The region’s deepest contraction since 2013 continued into 2024, but at a more moderate level compared to conditions seen over the last half-year, with the eurozone composite PMI rising to 47.9, a modest monthly uptick that represents its highest point in six months. A PMI of above 50.0 signifies growth.

The slight improvement in conditions was driven by the manufacturing sector, with a reduction in headwinds resulting in a more than a two-point uptick month on month to 46.6, the highest level since March 2023.

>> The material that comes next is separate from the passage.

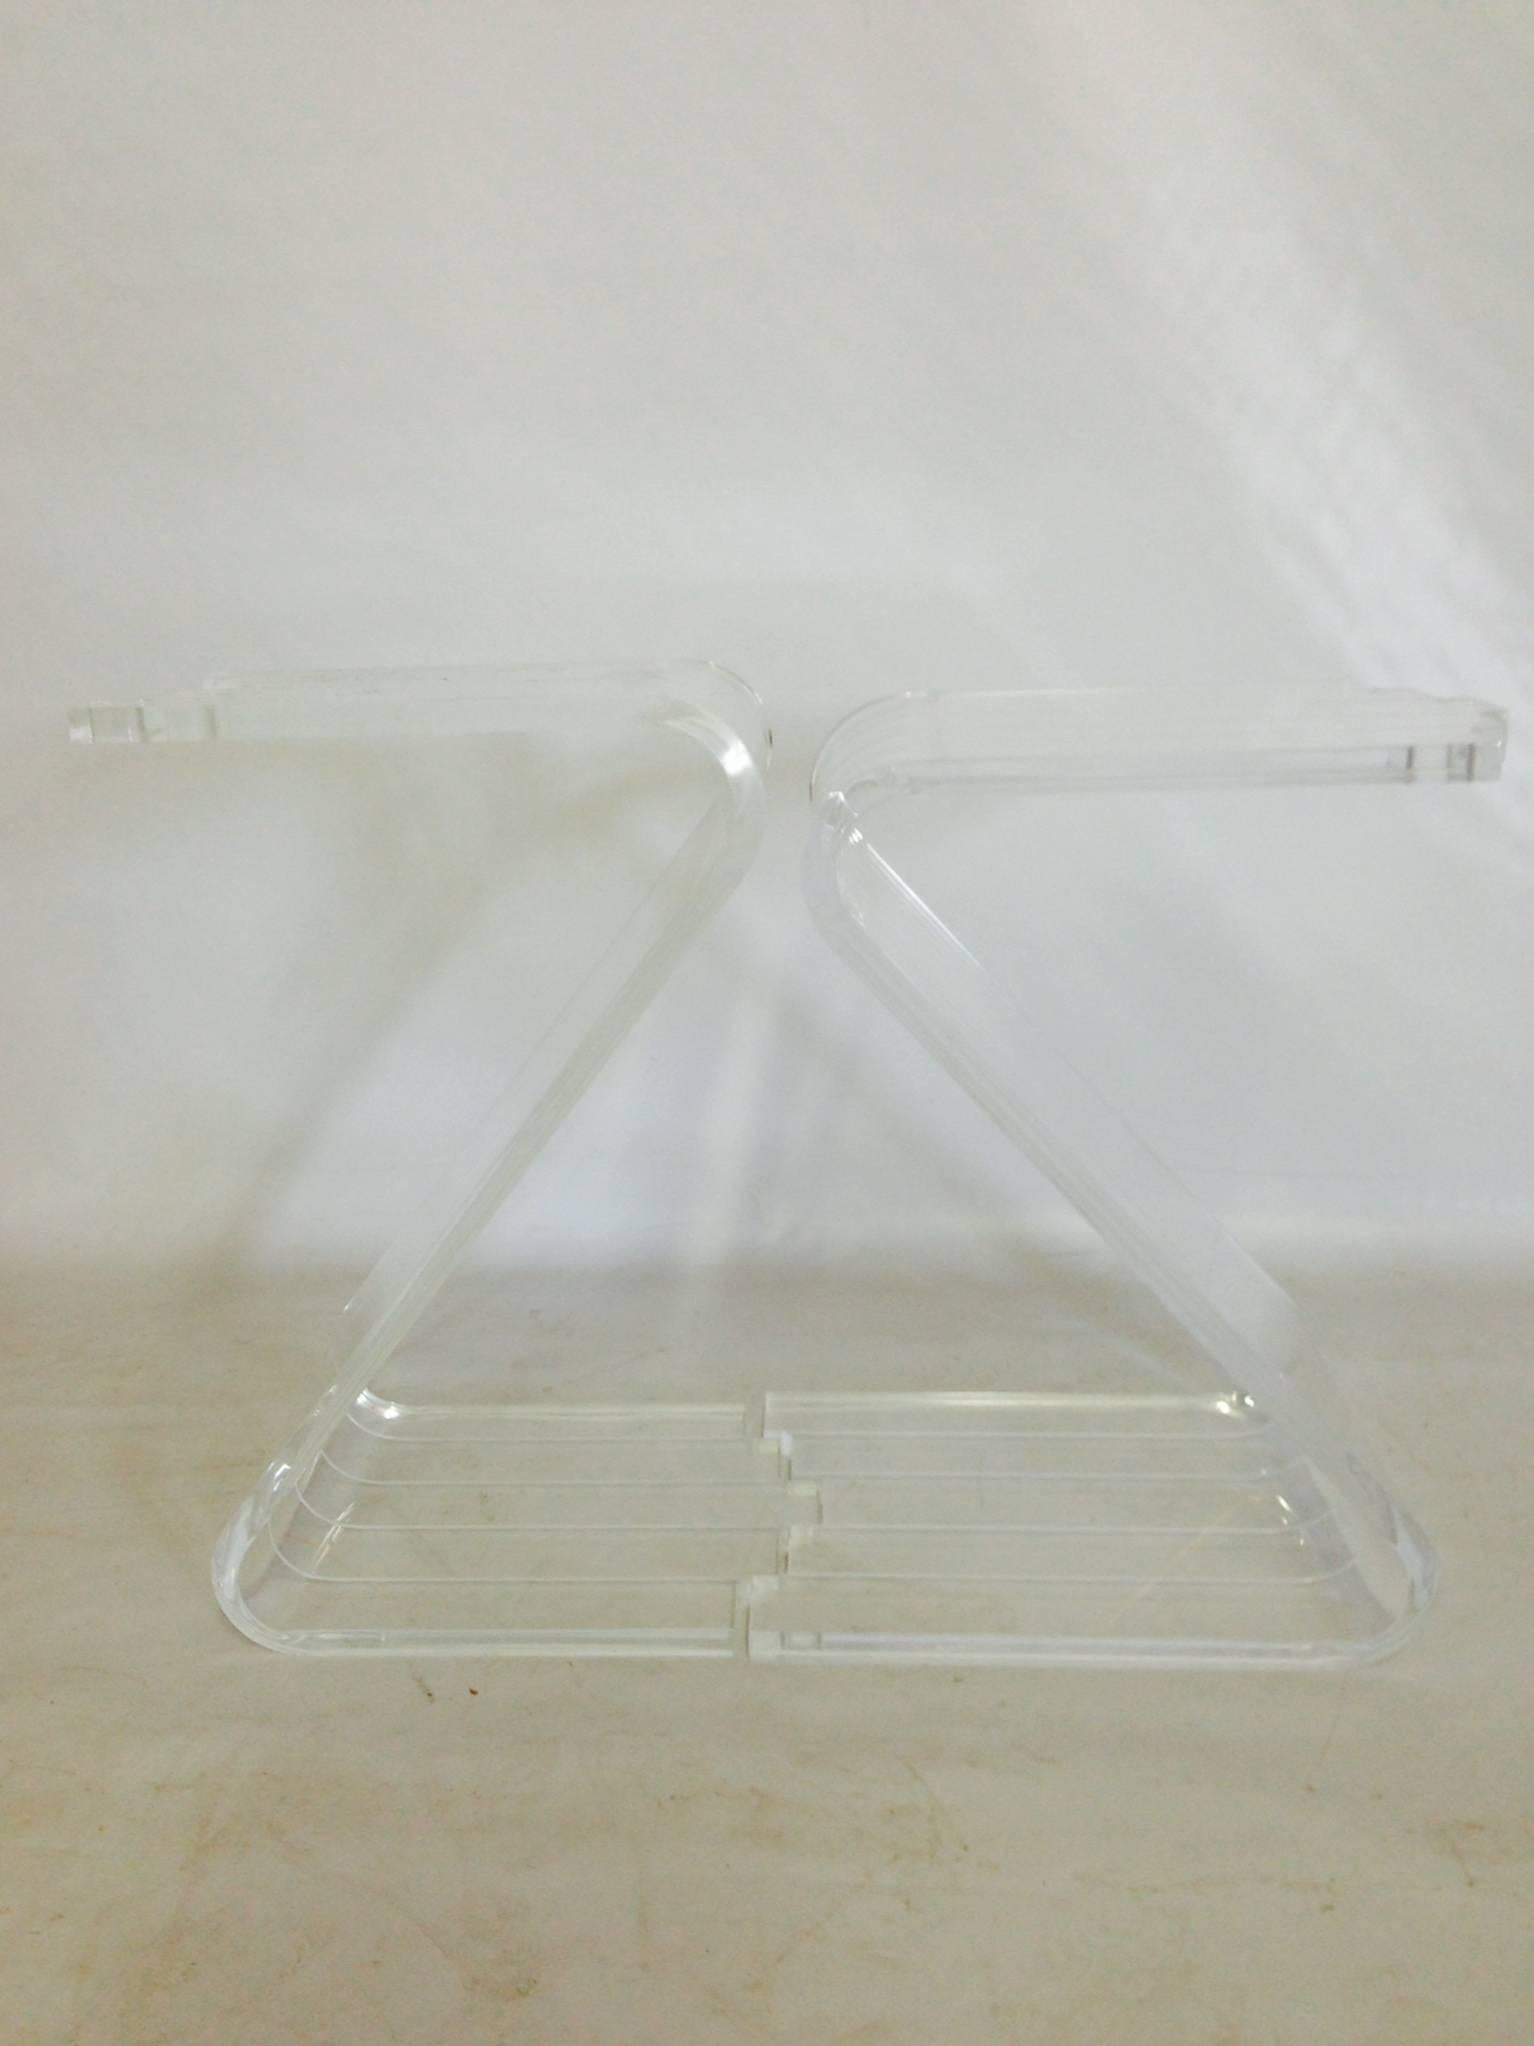 Rare pair of Lucite grooved "Z" form puzzle piece side or end table pair, 1970s. Zigzag bottom detail that allows connection at the base. These tables intentionally vary in height slightly. The smaller one is 20.5" inches in

Despite Red Sea tensions that have caused delivery times to lengthen, input costs for manufacturers continued to fall on average, according to PMI data compiler S&P Global, although cost inflation continued to increase for goods and services. The eurozone services PMI declined to 48.4 in January, a three-month low.

PMI January 2024 December 2023
Eurozone composite 47.9 47.6
Eurozone services 48.4 48.8
Eurozone manufacturing 46.6 44.4

The Red Sea disruption has not made as much of an impact as expected so far, according to Cyrus de la Rubia, chief economist at Hamburg Commercial Bank, which helps to produce the eurozone PMI data.

“Various industry reports indicate that businesses are not caught off guard like they have been previously, having learned from past disruptions. Many have proactively diversified their suppliers across geographical regions and enterprises, mitigating the potential fallout from such unforeseen challenges,” he said.

Continued inflationary pressures in a recessionary environment are an indication that interest rate cuts by the European Central Bank (ECB) may come later rather than sooner, he added.

“Companies have faced higher input prices and were able to pass them through to their customers. As a result, price increases are very much at odds with the recessionary environment. Thus, even as inflation remains an issue, rate increases by the ECB are out of the question at this point in time,” de la Rubia said.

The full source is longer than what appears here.